Он достает из кармана рубашки примятую фотографию и протягивает мне. На ней — Марк. Живой. Дыхание перекрывает, мир расплывается от слез, и я закусываю губу, чтобы не разреветься. Дышу глубоко. И только тогда рассматриваю снимок: Марк сидит на деревянной скамейке, вытянув ноги; лицо его изрезано мелкими шрамами, черные волосы сильно отросли; на смуглом лице легкая небритость, легкий прищур черных глаз и сигарета в кулаке. А рядом с ним сидит Джун.

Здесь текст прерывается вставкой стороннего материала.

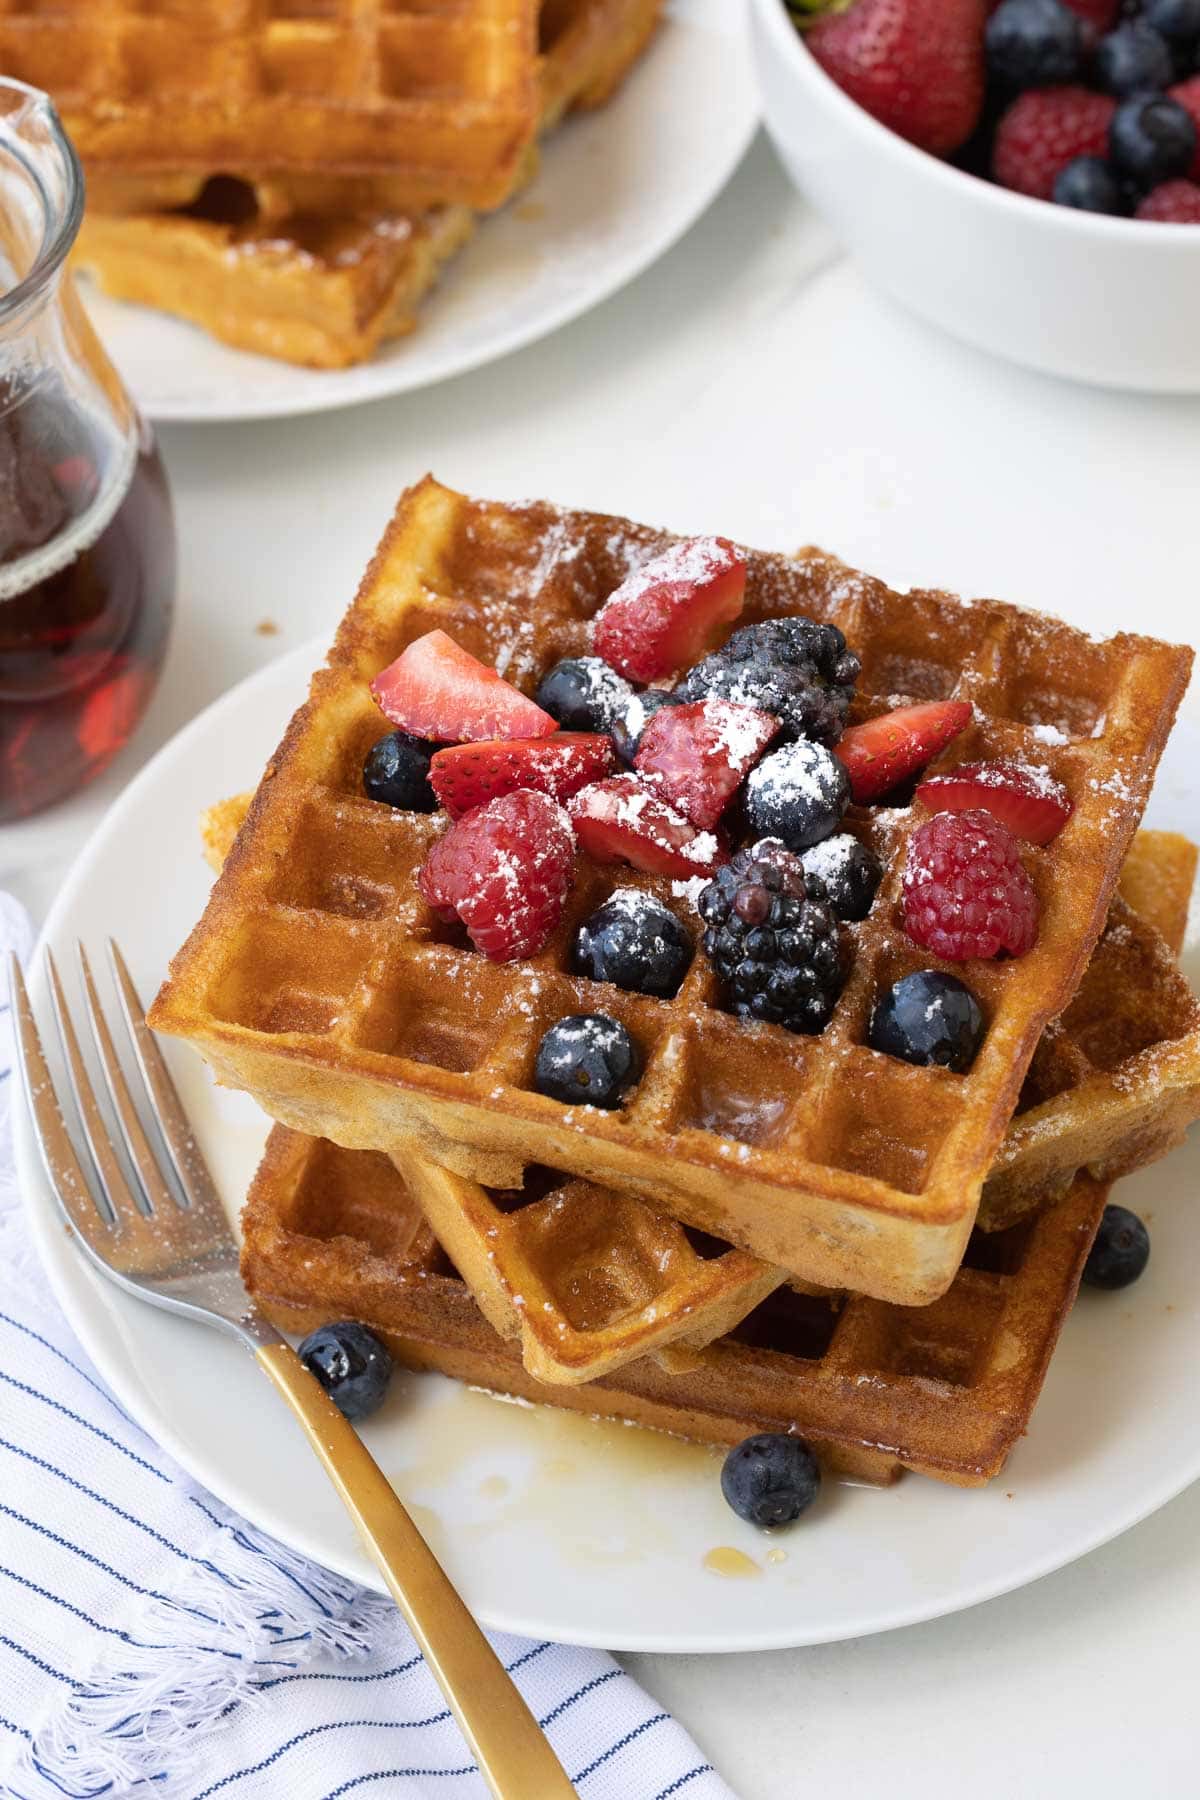 A stack of golden crispy gluten-free waffles with berries, maple and powdered sugar.

И боль накрывает ослепляющей волной, ломает ребра, рвет легкие. Снимок выпадает из пальцев, и я медленно оседаю на землю. Меня тормошат, о чем-то спрашивают. Я не понимаю. А потом кто-то подхватывает на руки – я не вижу лица, ничего не вижу. Прихожу в себя от резкого запаха нашатыря. Чихаю, отпихивая мужскую руку.

— Алиса, ты меня слышишь? — взволнованный голос Димы рядом.

Киваю, обнаруживая себя на переднем сидении Диминого джипа. А пальцы сжимают фотографию. Разве я не уронила ее? Фокусирую на ней взгляд. И слезы текут по щекам. Всхлипываю.

— Как? — выдыхаю, не зная, как и что спрашивать. Я тупо смотрю на лицо любимого мужчины и не верю. Не верю, что все это правда. А вдруг фотомонтаж? И сама же отметаю это предположение — у Марка нет ни одной похожей фотографии. Впрочем, фотошоп сейчас творит чудеса. А если обман, то зачем? И все эти мысли выливаются в одно слово. Но Дима снова понимает.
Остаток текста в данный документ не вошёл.